California has rules about what license it takes to pull a permit.  Without getting into all of the details, the idea is to have a licensed electrical contractor perform el work, mechanical contr. for mechanical work etc.  A general building contractor can pull any and all permits within certain guidelines.  The way it is set up, the GC must have a building permit and then is allowed to pull other trades permits as long as they are not related to the building permit and there must be at least two unrelated trades.

Well here is a typical outcome.  There is a building permit to drywall the garage, an electrical permit to install two GFCI in the kitchen and one GFCI in each bathroom and a mechanical permit to replace a furnace.

The kitchen and bathrooms already had GFCI and the garage has been drywalled since the house was built 20 years ago. No work is planned.

So it's the furnace that this job is all about.

The condensate drain pipe was cut off so that the furnace could be installed below the existing coil.

When I asked the contractor why he didn't restore the condensate drain pipe he said; "That is the way we found it."

I voided all of the permits on the basis that the building and electrical permits are a ruse to qualify for the mechanical permit.

The contractor argued that the rules do not say that any work must be done, only that the permits exist.

I couldn't help but smile and wonder, just how stupid does he think I am?

I can already hear many of you saying, "Big deal!

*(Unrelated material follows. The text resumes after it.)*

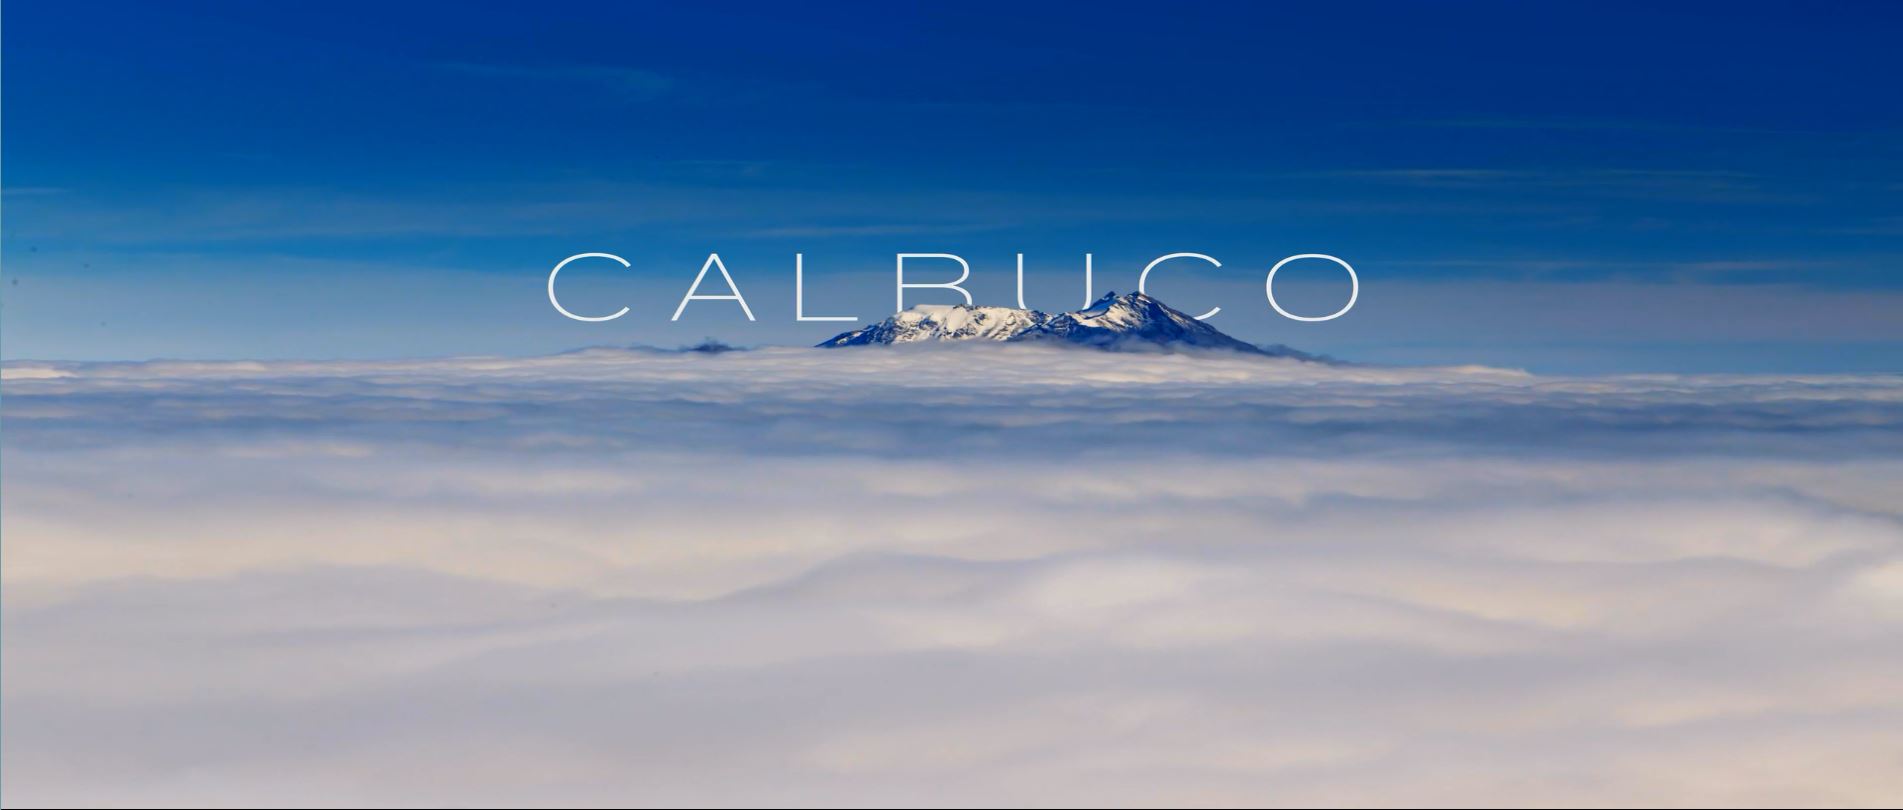 Calbuco 1 - Be There Before

It's just a furnace, write the correction to fix the pipe and move on."  ICE can't go with the flow, that's WATER.


----------



## pete_t (Jan 26, 2012)

Tell the homeowner not to pay him and to file a complaint with the CSLB, then hire a licensed mechanical contractor.

Chapter 12

CSLB License Law

BUSINESS & PROFESSIONS CODE

Article 4

Classifications

7057

(b) A general building contractor may take a prime contract or a

subcontract for a framing or carpentry project. However, a general

building contractor shall not take a prime contract for any project

involving trades other than framing or carpentry unless the prime

contract requires at least two unrelated building trades or crafts

other than framing or carpentry, or unless the general building

contractor holds the appropriate license classification or

subcontracts with an appropriately licensed contractor to perform the

work. A general building contractor shall not take a subcontract

involving trades other than framing or carpentry, unless the

subcontract requires at least two unrelated trades or crafts other

than framing or carpentry, or unless the general building contractor

holds the appropriate license classification. The general building

contractor may not count framing or carpentry in calculating the two

unrelated trades necessary in order for the general building

contractor to be able to take a prime contract or subcontract for a

project involving other trades.


----------